### PROVIDED MATERIAL
****************************************
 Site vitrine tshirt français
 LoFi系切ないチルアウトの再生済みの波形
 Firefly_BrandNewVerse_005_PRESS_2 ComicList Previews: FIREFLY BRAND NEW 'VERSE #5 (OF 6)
****************************************
### WHAT TO WORK ON
Please repeat each line above exactly.

### EXERCISE RESULT
 Site vitrine tshirt français
 LoFi系切ないチルアウトの再生済みの波形
 Firefly_BrandNewVerse_005_PRESS_2 ComicList Previews: FIREFLY BRAND NEW 'VERSE #5 (OF 6)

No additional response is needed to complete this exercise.